Feb 16, 2024 | Family Law

Thomas M. Clark, Esq., (717) 221-7952,

An agreement to refinance a joint mortgage to remove one of the parties from the obligation at the time of equitable distribution is imperative if the parties are both obligated on the mortgage and one of the parties is keeping the marital home. It is important to include language in any settlement agreement regarding what will occur if refinancing is not possible and to put time limits on the party seeking refinancing to obtain a mortgage commitment. Any settlement agreement should set forth the details regarding the sale of the home including the listing price, the choice of listing agent, and the responsibility of the residential party to pay for all costs associated with the home, including any major repairs such as a heating system or roof if the party seeking to retain the home is unable to qualify to refinance. Parameters can also be set regarding the amount and time frame for reduction to the asking price or the replacement of the listing agent. The transfer of title to the property by way of deed should be contingent on the refinancing occurring. A deed can be signed and held in escrow by the non-residential party’s attorney until the time of the closing on the refinancing.

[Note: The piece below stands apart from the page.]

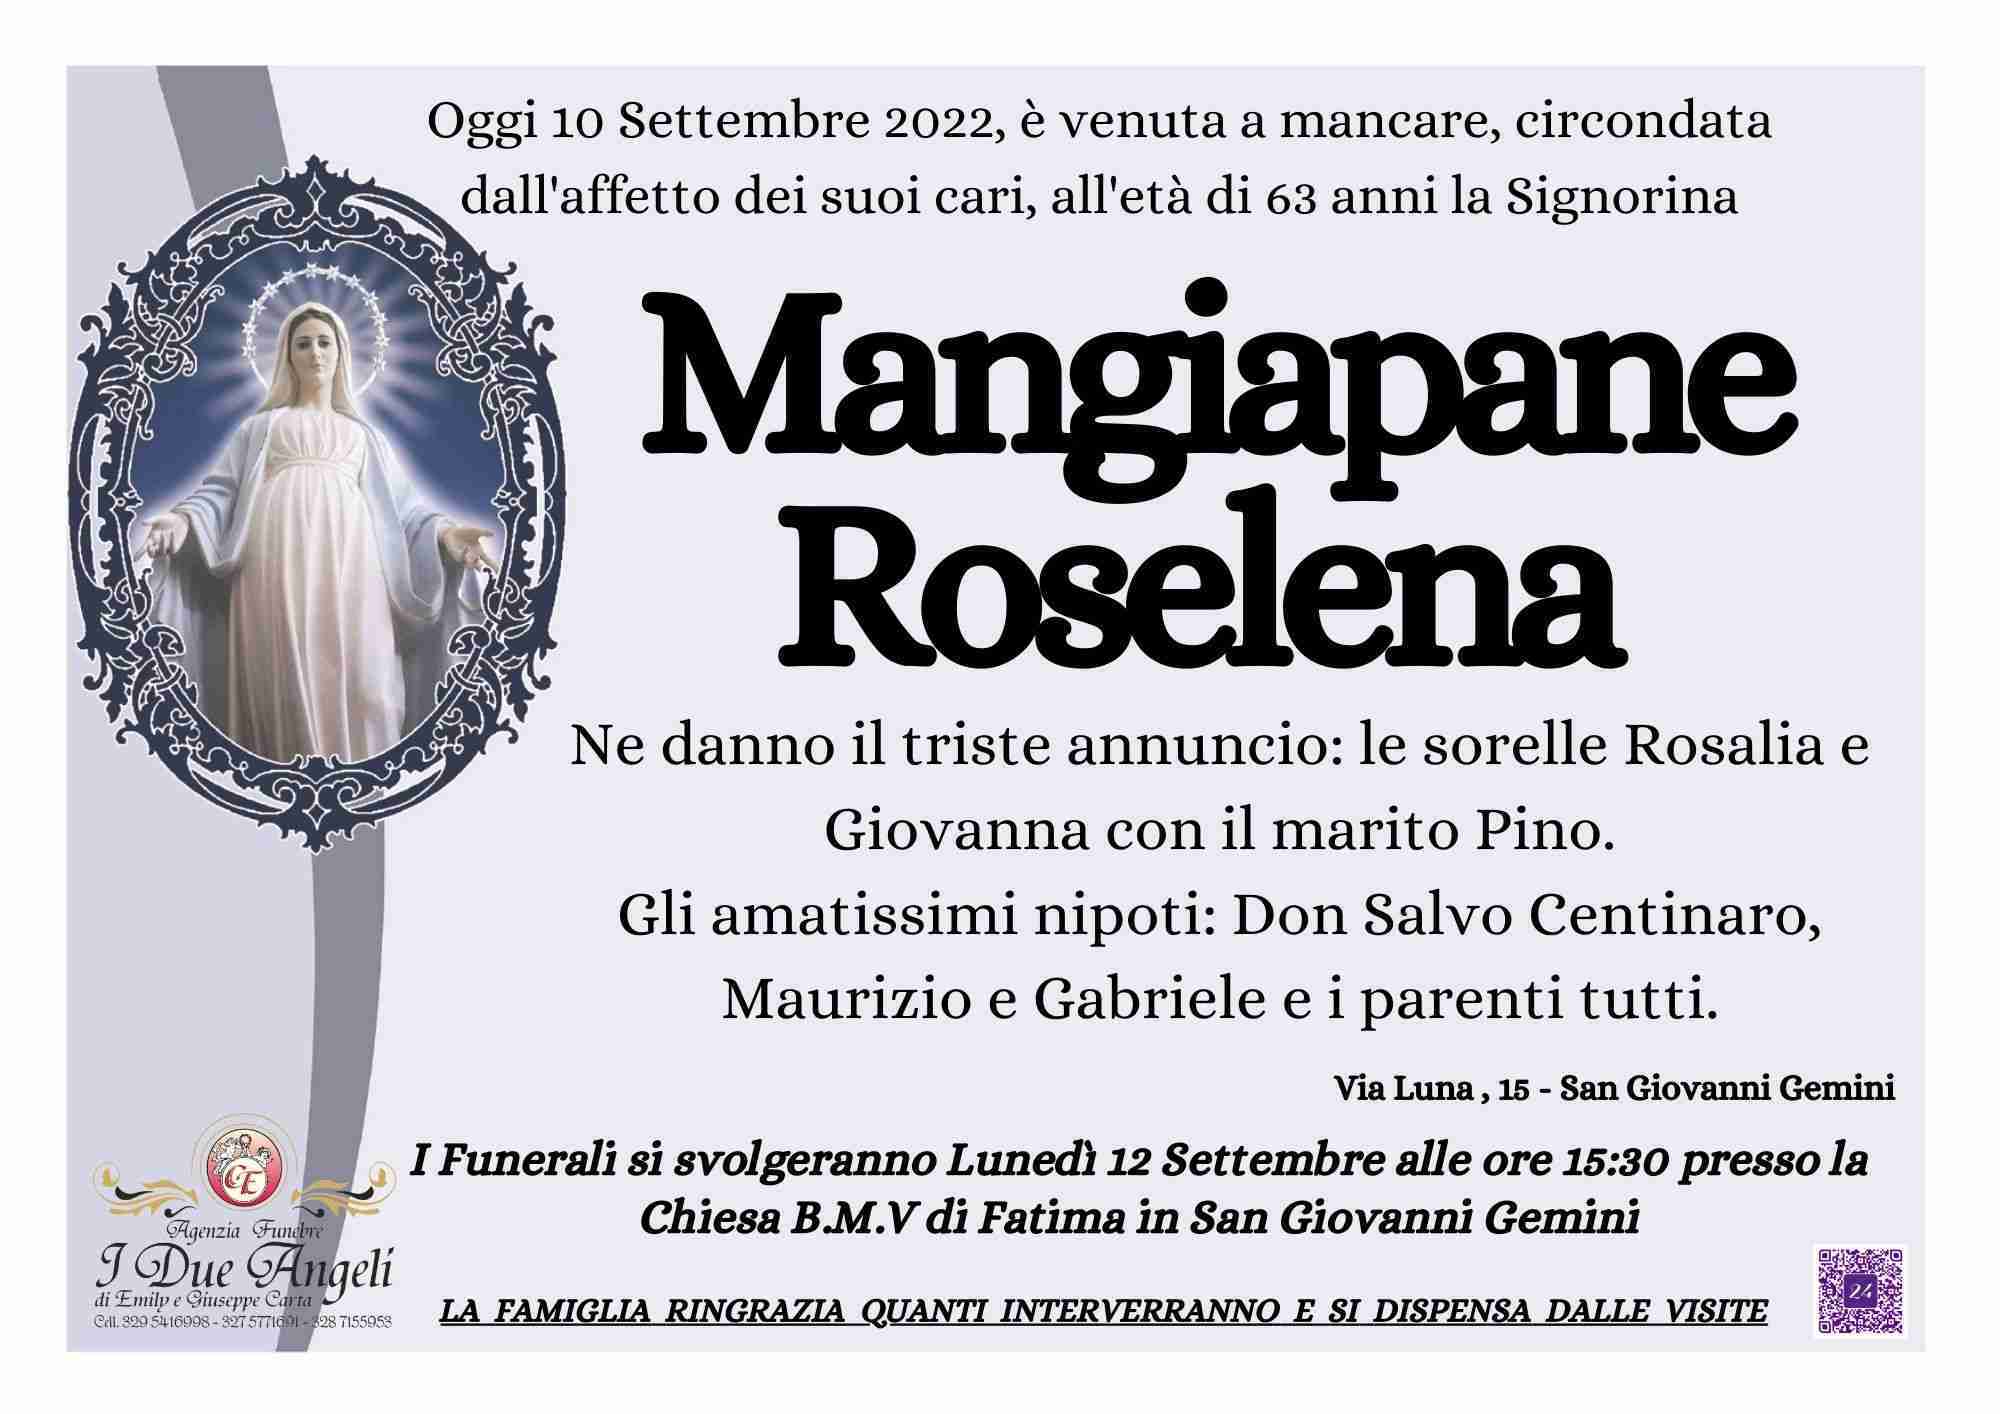 Roselena Mangiapane

Refinancing into a single spouse’s name is similar to a traditional refinance, with the addition of the execution of a new deed. The refinancing spouse may refinance only the amount due on the mortgage or he or she may elect to refinance the mortgage in a greater amount, up to the equity in the property, if he or she is “buying out” or paying a lump sum cash payment to the other spouse as part of the marital settlement. If one spouse plans to keep the property and both spouses are on the mortgage, it is imperative that the parties refinance the mortgage, and not just agree that the remaining spouse will be responsible for the repayment. Even if the parties’ agreement includes a clause that the remaining spouse will indemnify and hold the other spouse harmless, that other spouse remains responsible for the mortgage in the eye of the lender. The other spouse would then have the unnecessary headache of seeking reimbursement in court, and the whole process could cause damage to his or her credit that could not be corrected by the divorce court.

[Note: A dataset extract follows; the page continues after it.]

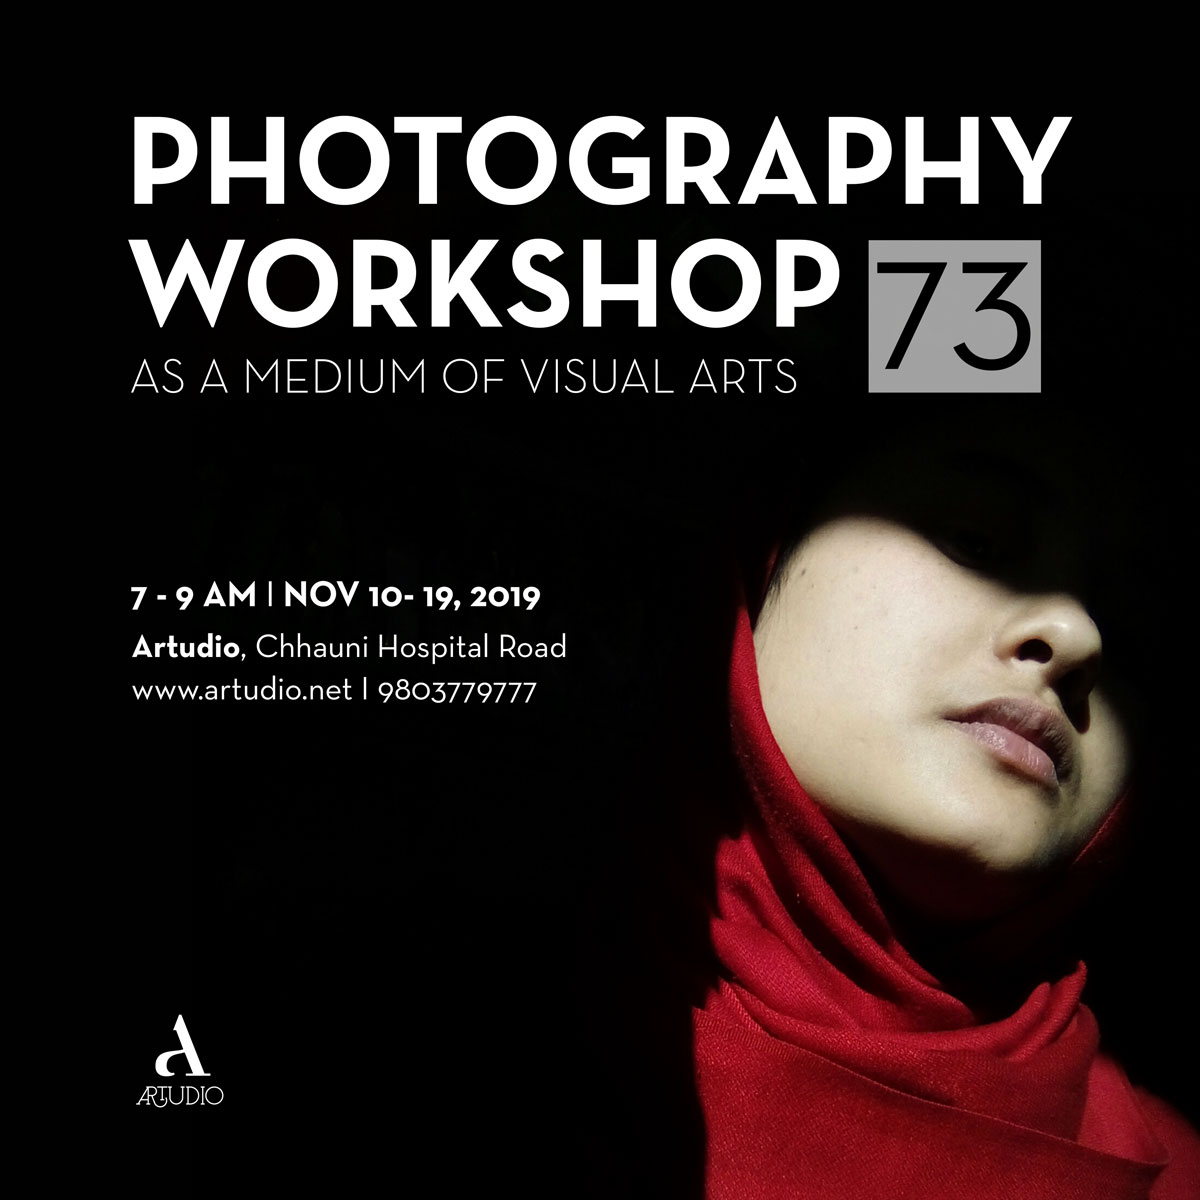 PHOTOGRAPHY WORKSHOP, AS A MEDIUM OF VISUAL ARTS (73rd Edition) post thumbnail image

Similar to a traditional refinance, the refinancing spouse may shop around for a mortgage at the best possible rate. The spouse may go through a mortgage broker or seek out the best rate on his or her own.  Once the spouse has located a loan at an acceptable interest rate, he or she will apply for the mortgage in his or her name alone. The attorney is often not involved in this process. The lender will be looking into all debts, assets, and income belonging to the refinancing spouse. This means that, if at the time of refinance, the refinancing spouse has significant joint debt with the relocating spouse, it could negatively impact his or her ability to qualify for a loan. When a party is planning to refinance, it is important to build a time cushion into the agreement. This way, if the other spouse is responsible for repayment or assumption of some of the joint debt, it can be arranged that the other debt is assumed or paid prior to the mortgage refinance so that the refinancing spouse can qualify.

The quitclaim deed is where this process differs from a traditional refinance. The relocating spouse will have to relinquish his or her rights to the property. Many times, this will be addressed simultaneously with the signing of the property settlement agreement. The deed will be prepared prior to signing, and each party will sign the deed transferring the interest in the property from both parties to only the refinancing spouse. One of the attorneys (usually the attorney for the relocating spouse) will hold the deed in escrow until the refinance is complete.